31 March 2017

Financial Services Legislation Amendment Bill exposure draft

This submission is made by Knax Consulting Limited, which consults on financial services conduct, compliance and regulatory strategy.

We support the draft bill, other than for these two important exceptions —

1. The extent to which financial advice representatives may give advice:
While the policy decision on FARs has already been made and is not being consulted on, it remains fundamental to the workability of the proposed regime.

It is raised here because in the form proposed, FAR policy would permit the absurdity that everyone subject to the proposed advice laws could choose to be FARs — for example to avoid being subject to the disciplinary committee — leaving New Zealand with no (or few) financial advisers. It undermines all the efforts made by the industry to encourage advisers to aspire to professionalism and to build consumer trust and confidence in the benefit of getting help from a person skilled in the complexities of the financial services world.

Some of the proposed policy on FARs is beneficial. In particular, the introduction of licensing at a business (versus individual) level is supported: it clarifies responsibility and accountability; it facilitates provision of robo advice; and it streamlines licensing.

However, advice given by a human adviser is more than an organisational process. When viewed from the perspective of the customer, advice depends — often in large part — on qualities inherent in the adviser personally, such as trust, integrity and professionalism.

Yet the bill has removed any incentive for an adviser to have professional “skin in the game”. Under the proposed law, being an individually registered adviser rather than FAR would be entirely optional — and would attract the added risk of disciplinary action — while providing nothing but cosmetic advantage over being an FAR.

The word “professional” describes a personal rather than corporate concept. Processes are not professional in their own right, the behaviour of people using those processes is. The bill retains “professional” in the context of the Code of Professional Conduct and continuing professional training (itself an awkward title - the industry universally and with justification uses the broader term “development”). Is it really “professional” as the word is commonly understood, when advisers can structure themselves as FARs and opt-out of personal professional responsibility?

The Australian regime has had to grapple with equivalent issues and has announced the transition to an approach that places far greater weight on individual professionalism, at the very moment that (with this bill) New Zealand is heading towards a model that introduces some of the Australian system’s current corporate-licence deficiencies.

Is there a solution? Yes, in making a distinction as to the extent to which the employer dictates the outcome of the advice process. The bill skilfully avoids the sales (with opinion/recommendation) versus advice distinction, but there is probably a compelling case to be made that the customer sees professionalism differently when dealing with a person they know is acting on behalf of the provider. It is here that there is scope to adjust the proposed regime to clarify the distinction between FARs and financial advisers — and reduce the widespread anxiety regarding FARs having “financial advice” in their descriptor — with the following recommendation:

Other than advisers giving advice only on their organisation’s own products, individual advisers should be required to be financial advisers (not FARs). [They would still be licensed via the FAP.] FARs would therefore be permitted to give advice only on their organisation’s own products.
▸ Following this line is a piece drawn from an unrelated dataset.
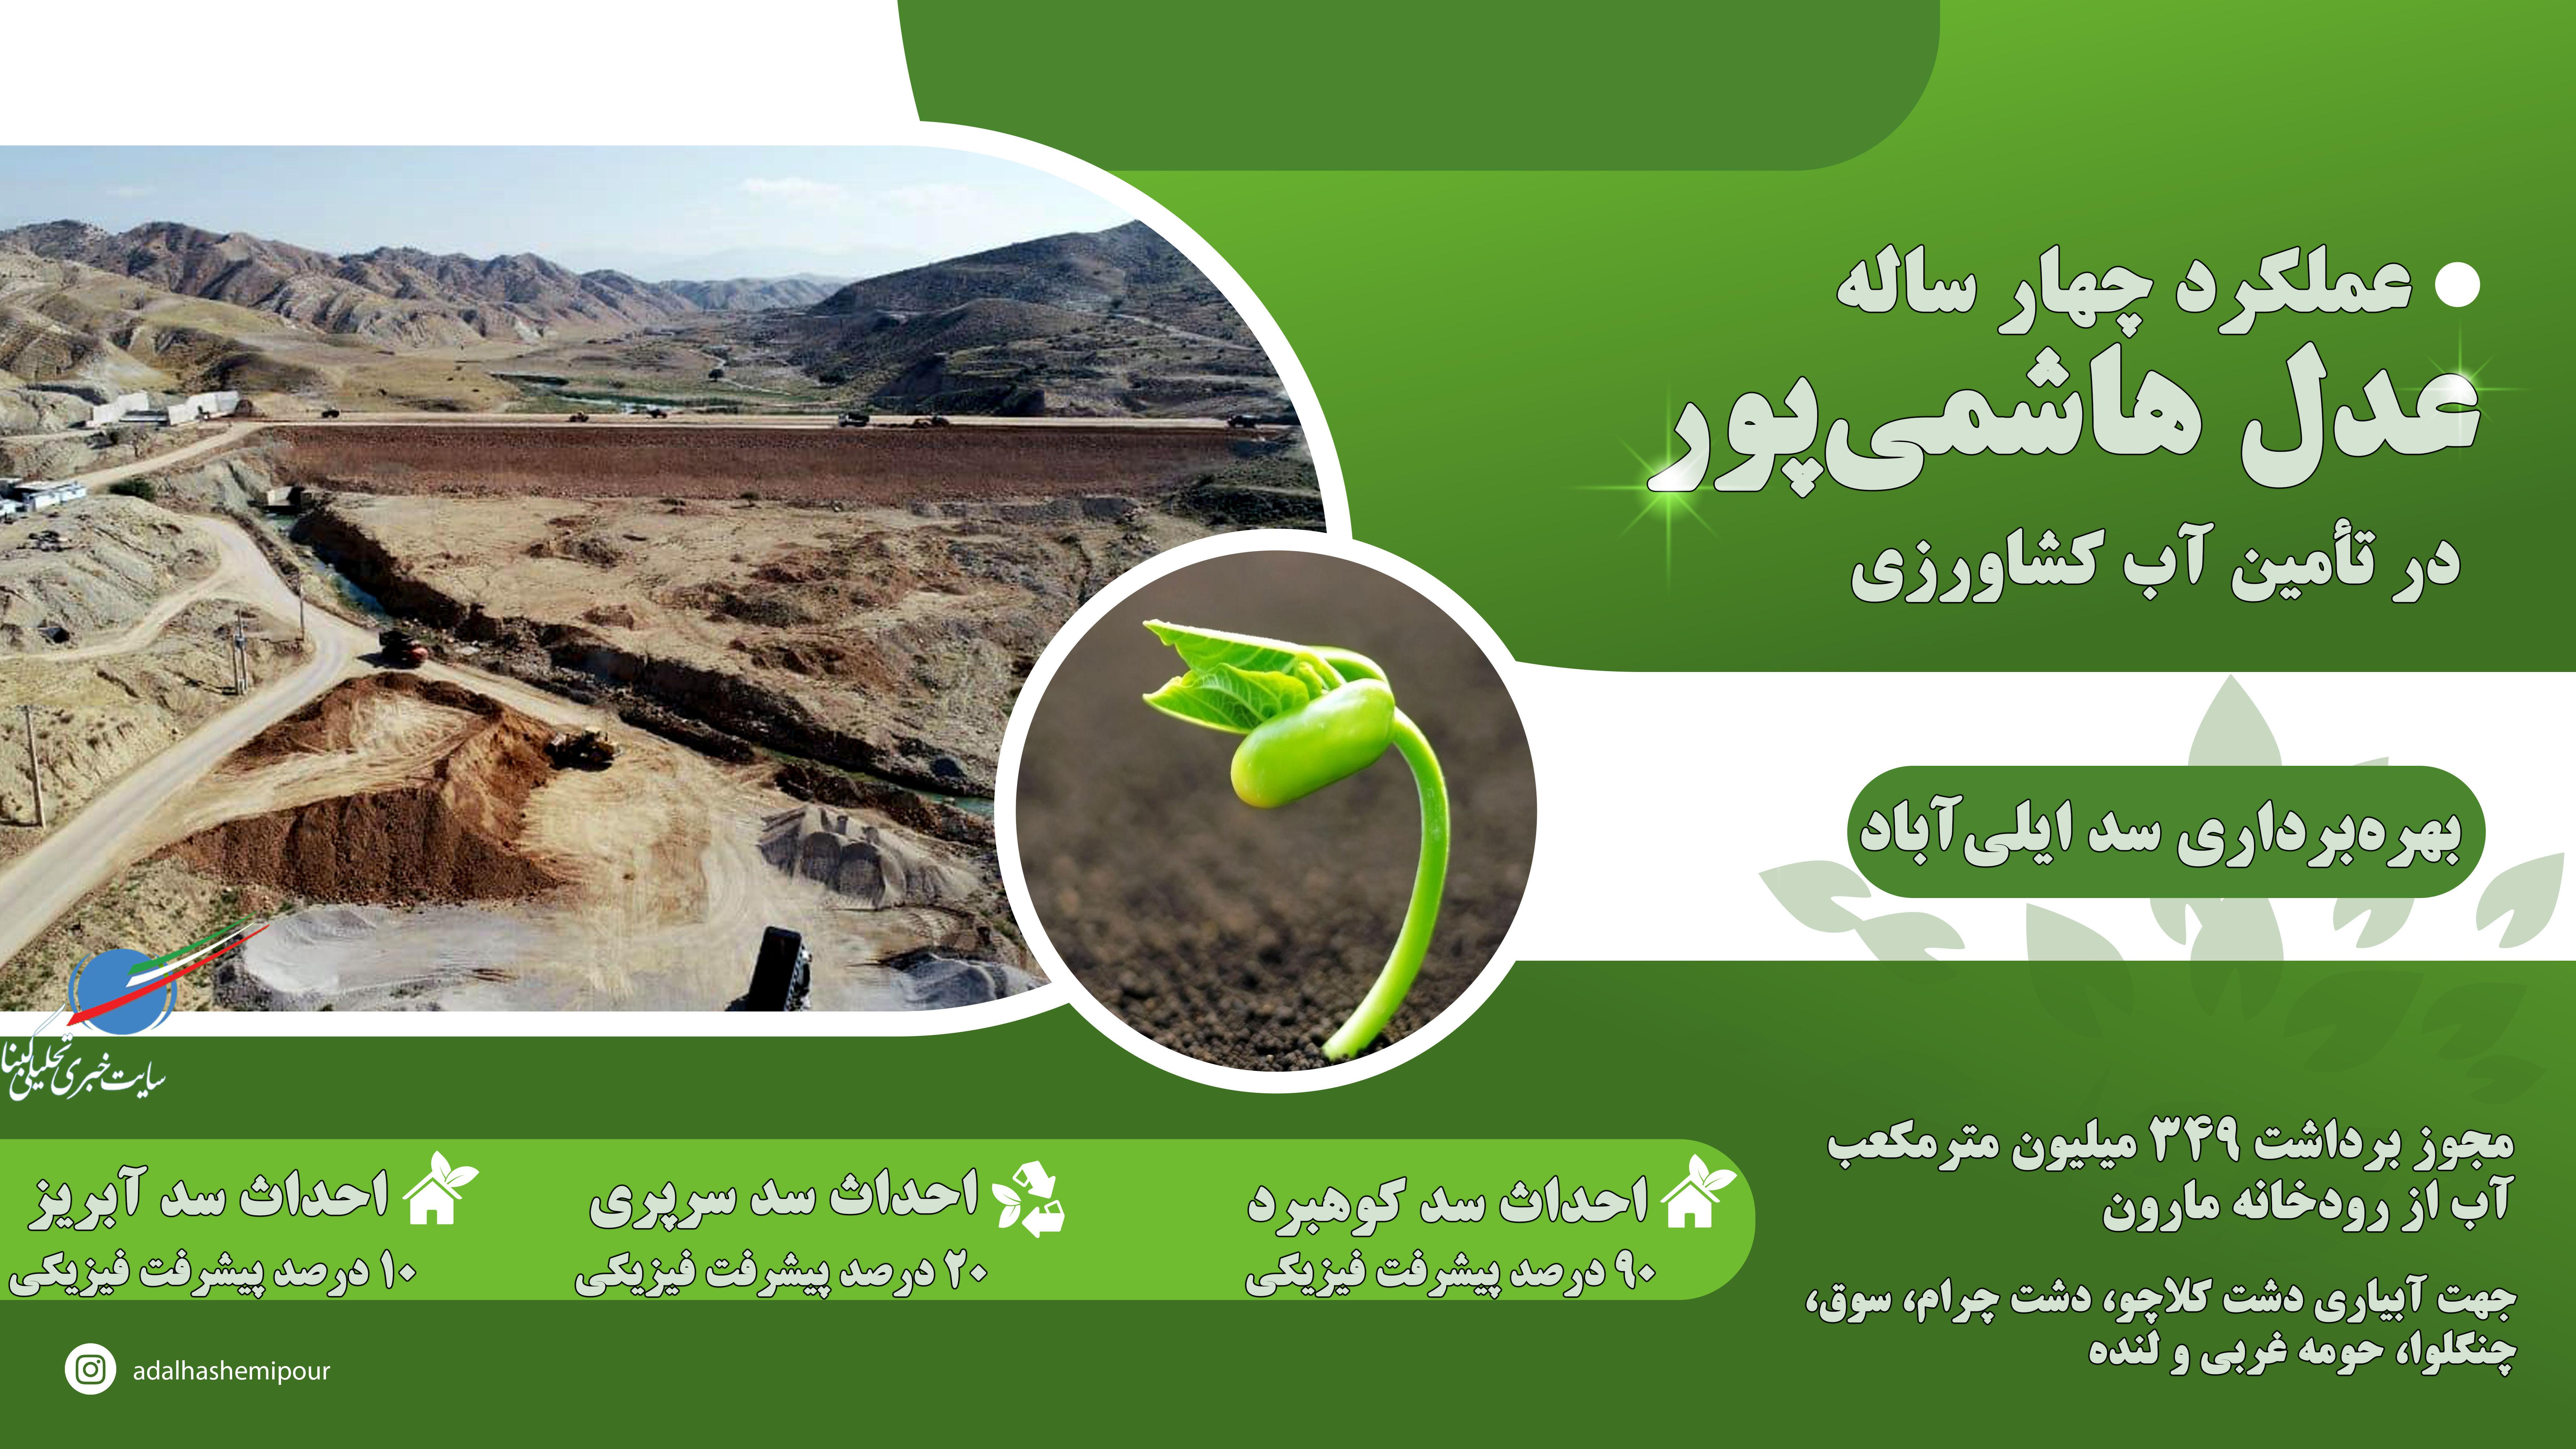 http://www.kebnanews.ir/images/docs/files/000421/nf00421085-1.jpg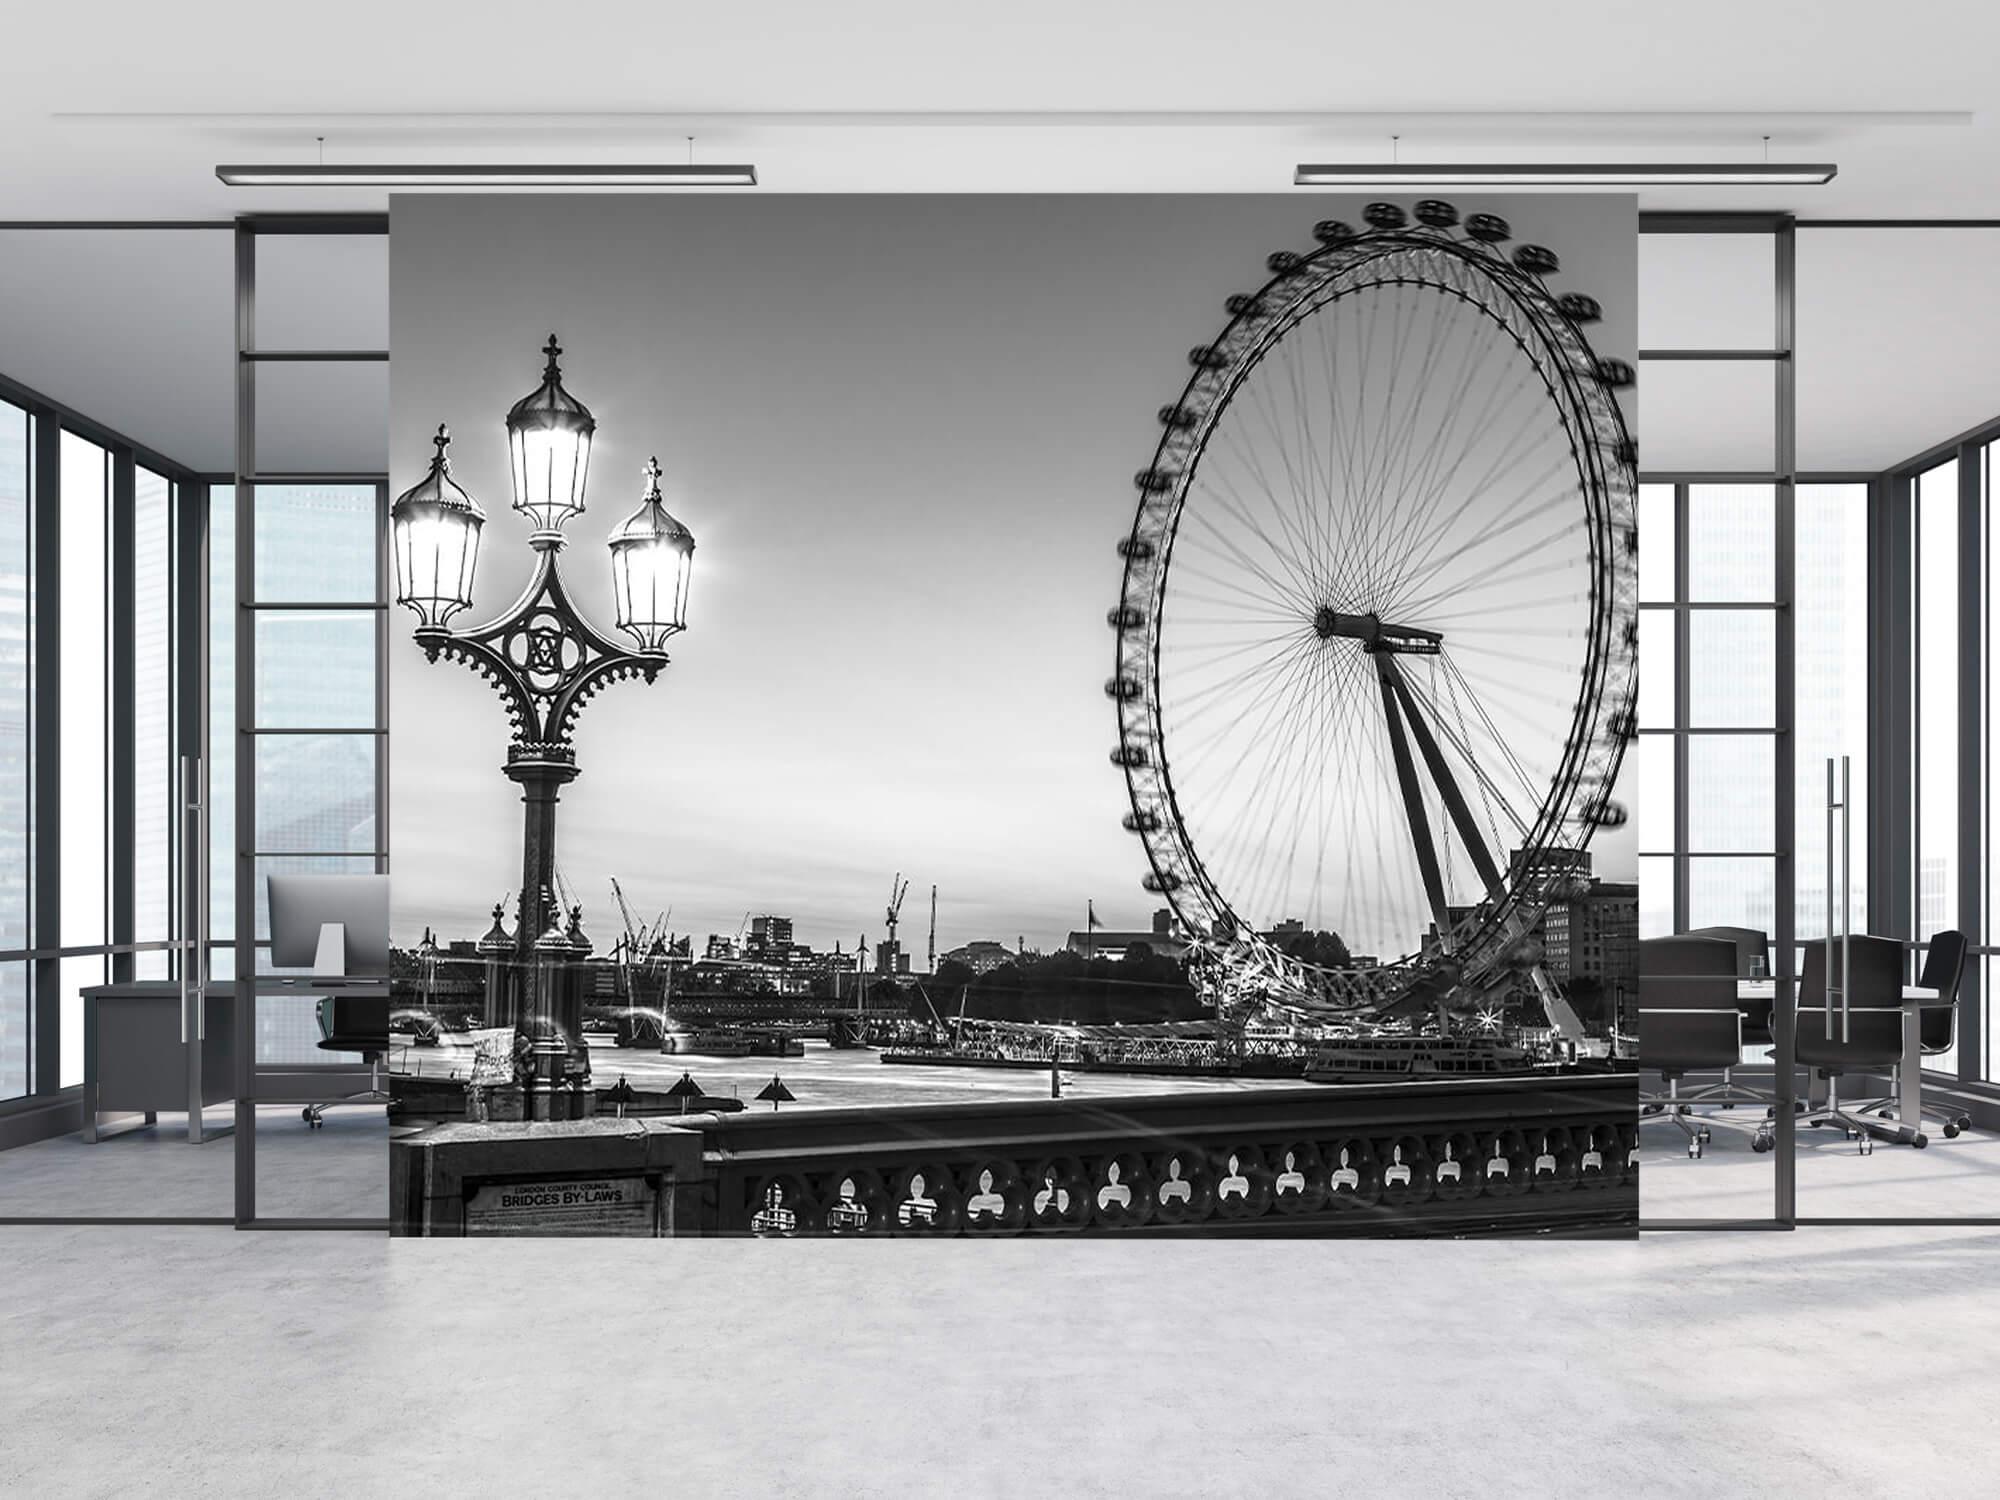 Ferris wheel black and white 12

2. The structure of the legislation: 
While the transfer of the regulation of advisers to the FMCA is supported, the proposed distribution of provisions across the Act is likely to reduce the accessibility of the legislation for advisers who do not have legal training.

At a minimum, it would be helpful to have notes at the top of Subpart 5A that explain the key other provisions it needs to be read with (especially Schedule 5), and restates or cross references the key definitions.

The objective of this suggestion is that an adviser should be able to read Subpart 5A and obtain a meaningful general understanding of the provisions, without constant searching through other parts of the Act.

Other than those two points above that go to the overall integrity of the bill, the following comments are made on specific aspects of the bill:

A. We support the submission dated 15 March 2017 made by the Code Committee, in particular their comments about the “client’s interests first” provision which is currently drafted as a conflict management provision and not in the broader, more aspirational, form suggested in the policy decisions. Here, there is an opportunity to link the overarching concept of good conduct (refer FMA guide) to the Code’s “spirit” and the client-first principle. Whether talking about client-first, client best interests or good conduct, advisers should be exhorted to have structural, process and ethical/professional arrangements in place to deliver beneficial customer outcomes.

We note the Code Committee’s concerns about the perimeter of the regime excluding accountants and lawyers and agree that this undermines the integrity of the regime.

B. Although there is no register of FARs, the FMA should have the power to ban a FAR from being a financial adviser or FAR, either permanently or temporarily, if the FAR has deliberately or negligently acted outside the processes implemented by the FAP. FAPs should have whistleblower protection to report an adviser’s or FAR’s misconduct to the FMA. If the suggestions in this submission were adopted, there would be no need to extend the FADC role to include complaints against FAPs (consultation question 30) because the banning and whistleblowing provisions would provide adequate consumer protection.